For as long as you’ve known yourself music has all but consumed you. Sweet melodies always seem to be on replay in your mind and lyrics and poetry all but ooze through you. As a youngster you dreamt of the day you’d finally cut your first record and now that day has come. After years of dreaming, vying and longing you’ve finally been able to collaborate with a composer and studio engineer to complete and release your first song. You and your team of co-creators even sent in the new release to local radio stations, so now you’re brimming with pride having heard your song played for the first time on national radio.
While you’re new to the music scene, you have heard the term royalties, understanding that each time your song is aired by a licensed radio station royalties are due to the owners of the song. But what type of royalties are those and who gets what exactly? How do you decide on how those royalties will be shared? Is there a standard guideline or not?
Gosh it certainly can be daunting at first, so let’s get the basics down.
First off, it’s important to understand that there are different streams of music royalties. The stream of royalties earned when your song is played via radio are called performing rights royalties or performance rights royalties. Essentially, as the owner and creator of the musical work and therefore, a copyright holder you are entitled to performance rights royalties every time your musical work is performed publicly—such as via television, radio, the internet, or at live events. This public performance of the work could be live with singers and musicians playing the song, or could be the airing of the sound recording of the song.

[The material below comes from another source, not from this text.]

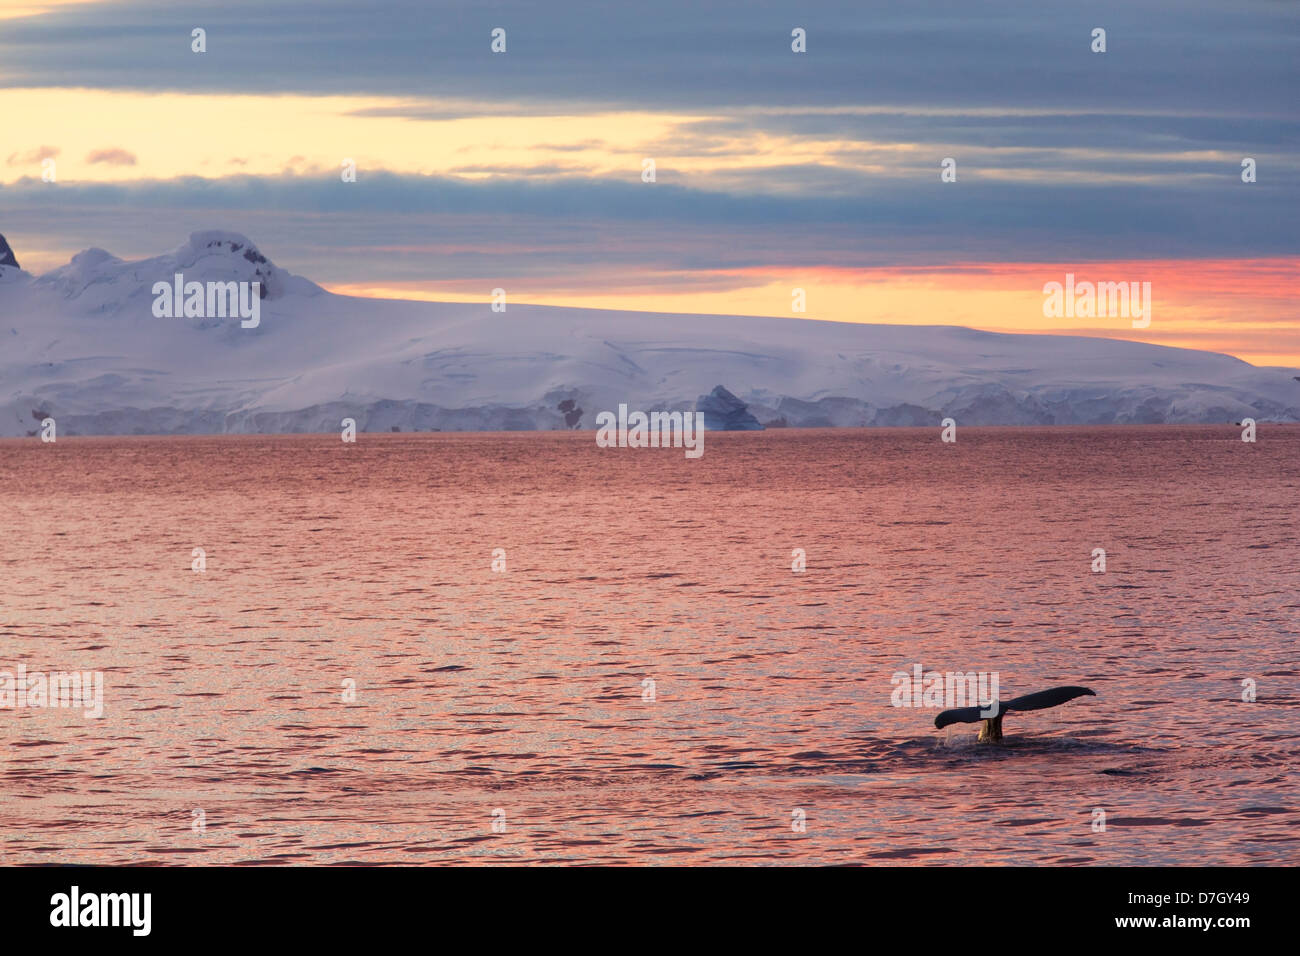 Buckelwal (Impressionen Novaeangliae) bei Sonnenuntergang / Sonnenaufgang wie wir unterhalb des Polarkreises, Antarktis Reisen. Stockfoto
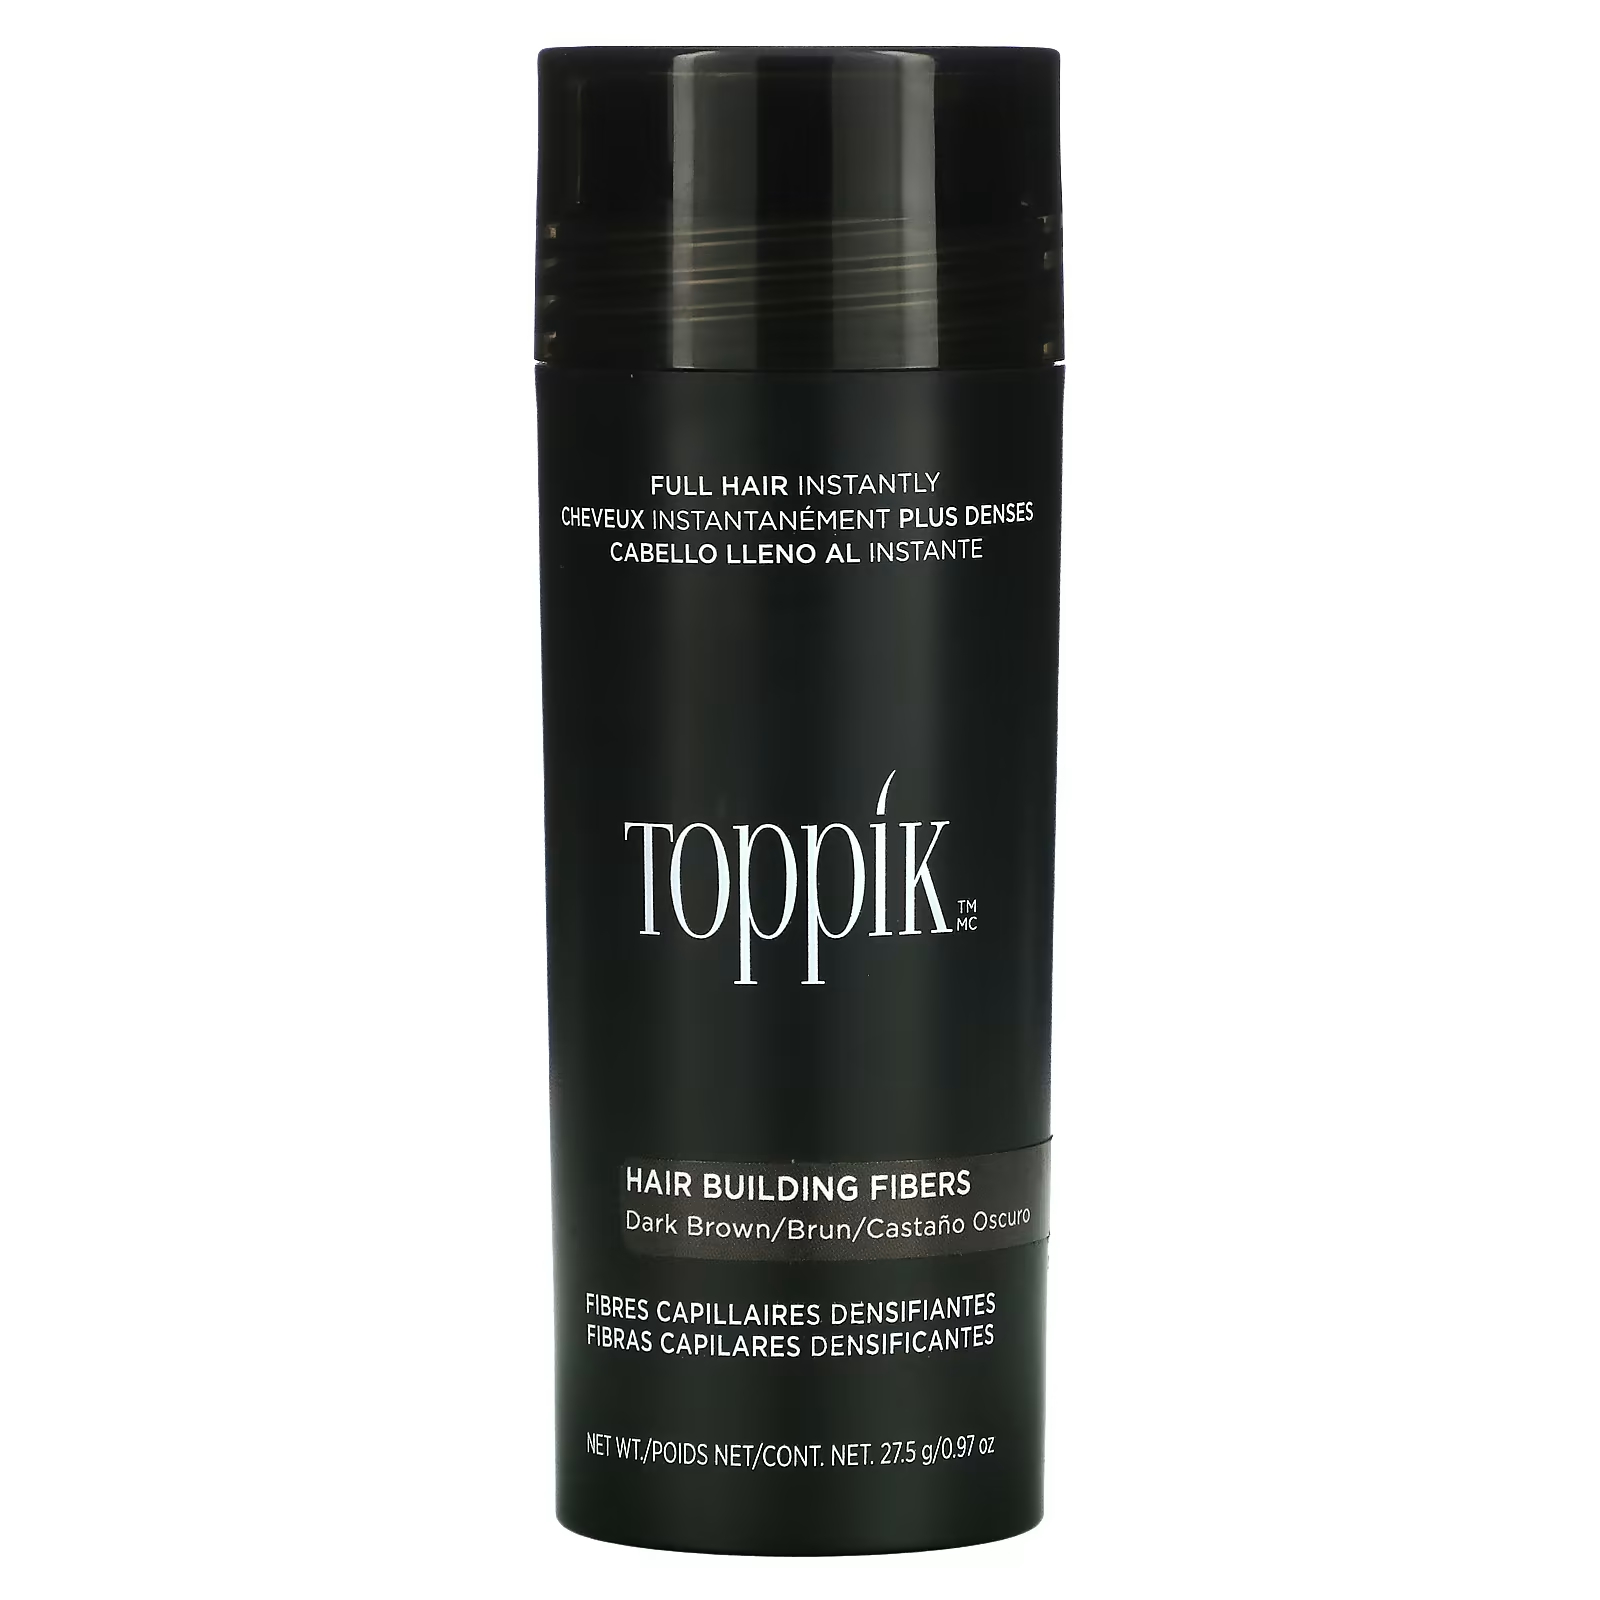 Загуститель для волос Toppik Hair Building Fibers темно-коричневый toppik пудра загуститель hair building fibers для волос цвет брюнет 3г

Collective Management Organizations like the Eastern Caribbean Collective Organization for Music Rights (ECCO) serve as the middle agency collecting those royalties from music users (like radio stations and TV stations) and disbursing to the song’s copyright owners. A song’s copyright owners are the creators of the music work—lyric writer and composer/arranger—and the music publisher if the creators have entered into any music publishing agreements for that song where the rights to the song have been assigned to the publisher. You can read more on music publishing HERE
The specifics of how the royalties per song are split really boils down to the agreement made among the parties involved based on the contributions of each individual. As a means of limiting future conflict related to the work it is recommended that performance royalty splits be decided and agreed upon on before the song is publicly released. For ECCO members, once the share splits have been agreed, the necessary notification of work form should be completed and submitted to the organization.
In the absence of a specific notification or by notification of contractual agreements to the contrary the shares of a musical work are allocated as follows by ECCO:
- Original Unpublished Works
Composition with lyrics:
Composer(s) 50%
Lyricist(s) 50%
Composition without lyrics:
Composer(s) 100%
Public Domain composition with copyright lyrics
Lyricist(s) 100%
- Original Published Works
Composition with lyrics:
Composer(s) 25%
Lyricist(s) 25%
Publisher 50%
Composition without lyrics (or with public domain lyrics):
Composer(s) 50%
Publisher 50%
Public Domain composition with copyright lyrics
Lyricist(s) 50%
Publisher 50%
Composition with lyrics, composer share only published:
Composer(s) 25%
Lyricist(s) 50%
Publisher 25%
Composition with lyrics, lyricist share only published:
Composer(s) 50%
Lyricist(s) 25%
Publisher 25%
ECCO notes that contractual variations to the above rules are subject to the overriding rule that the share allocable to the writer or writers of a work shall not be less than 50%.